4. Each of the offences was charged as having been committed between September 1993 and September 1996, when the appellant was aged between 14 and 17 and C was aged between 6 and 9.
5. The appellant denied all the offences but was convicted after a trial. He was sentenced in the Crown Court at Teesside on 25th January 2021. He was then aged 41 and of otherwise good character. A pre-sentence report assessed him as being at low risk of committing further offences.
6. Submissions were made to the judge as to relevant statutory provisions and case law, and as to the application of the Sentencing Council's guideline: Sexual Offences - Historic. That guideline is commonly referred to as Annex B, in recollection of its initial inclusion as an appendix to the hard copy sexual offences guidelines, though only the online version should now be used. It was submitted to the judge that the effect of the statutory provisions was that at the time of the offences the appellant could not have been sentenced to more than two years' detention in a young offender institution.
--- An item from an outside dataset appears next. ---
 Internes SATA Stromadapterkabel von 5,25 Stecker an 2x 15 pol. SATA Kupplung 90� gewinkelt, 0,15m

7. The judge, in his sentencing remarks, summarised the circumstances and serious aggravating features of the offending, and the matters of mitigation available to the appellant. He referred to the long-lasting and continuing harm caused to C. He found, on the evidence, that it was reasonable to conclude that all or most of the offending occurred when C was aged 7 and the appellant was aged 15 or 16. He took the view that the appellant did not have an entrenched attraction to children and was at the time "taking the only, but inappropriate, opportunity available to you for your sexual experimentation".
8. The judge noted that some form of custodial or detention order would have been available to the court if the appellant had been sentenced at the time of the offences. On that basis he adopted the approach to sentencing set out in R v H[2011] EWCA Crim 275 and R v Forbes[2016] EWCA Crim 275, and in Annex B. He identified the modern equivalents of the offences and placed them into categories under the relevant modern guidelines. No challenge is made to those latter decisions, and we need not refer to them in any greater detail.
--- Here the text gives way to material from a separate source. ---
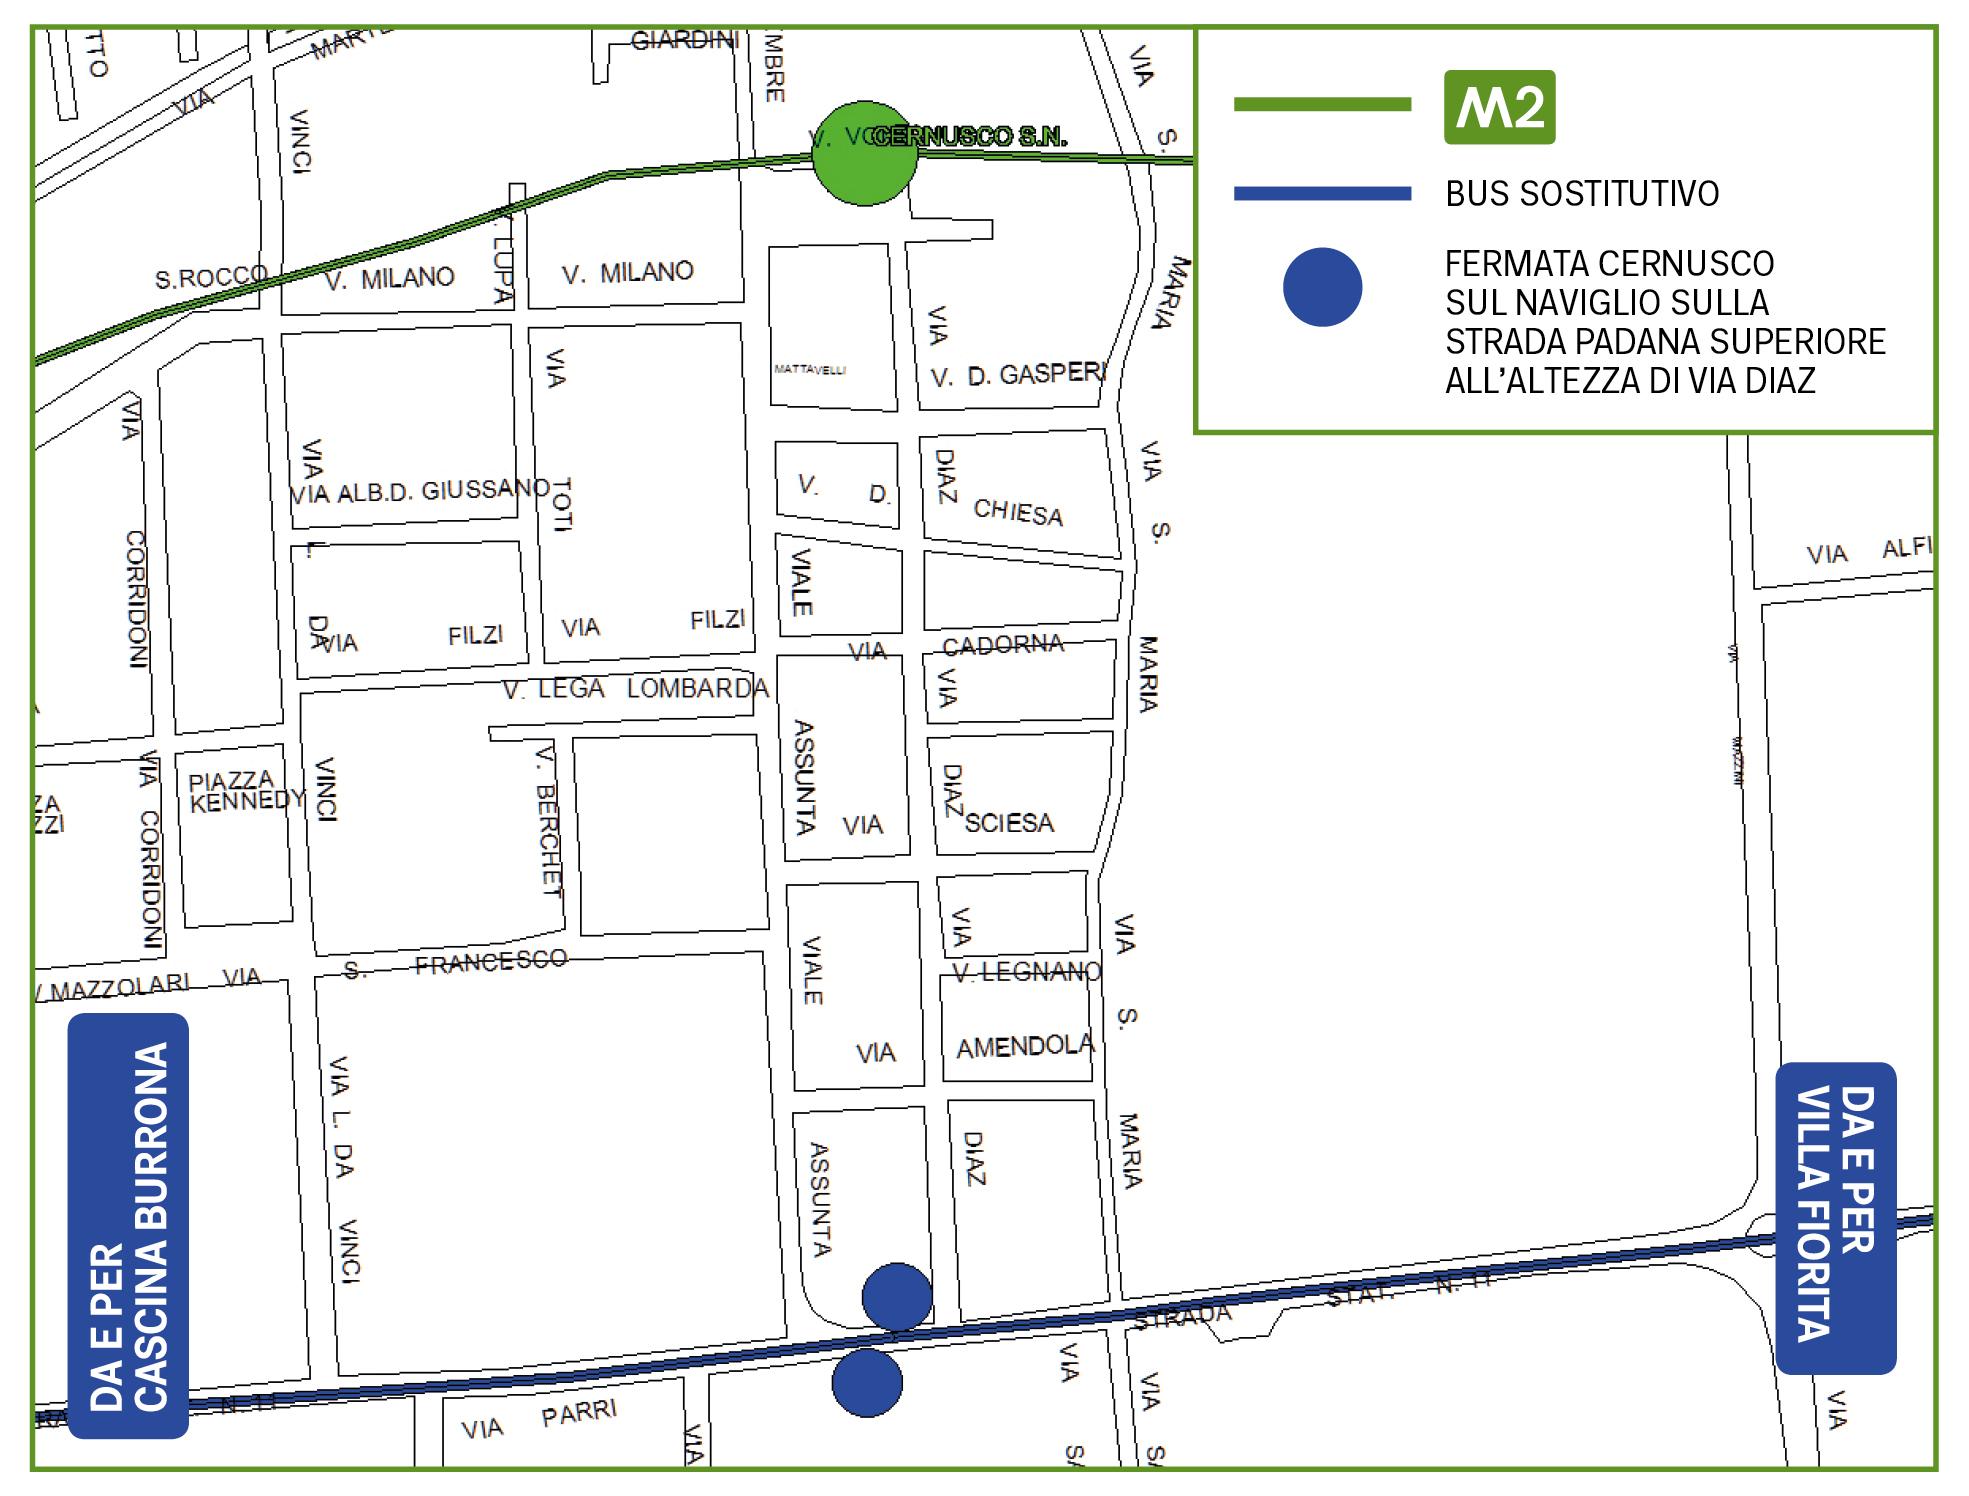 Mappa Bus sostitutivo Cernusco sul Naviglio

9. The judge stated that he would treat count 8 as the lead offence, take all the other offending into account as aggravating features, and "reflect your youth and immaturity as best I can". He imposed the following concurrent sentences of imprisonment: on count 8, four years; on count 4, three years; on count 6, 12 months; on counts 2, 3, 5 and 7, nine months; and on count 1, six months. Thus, the total sentence was four years' imprisonment. He declined to make a Sexual Harm Prevention Order, viewing such an order as unnecessary to manage future risk. He said that a surcharge order should be drawn up in the appropriate sum. Having regard to the dates of the offending, no surcharge was payable and the appropriate sum was accordingly nil. The court record correctly showed no surcharge.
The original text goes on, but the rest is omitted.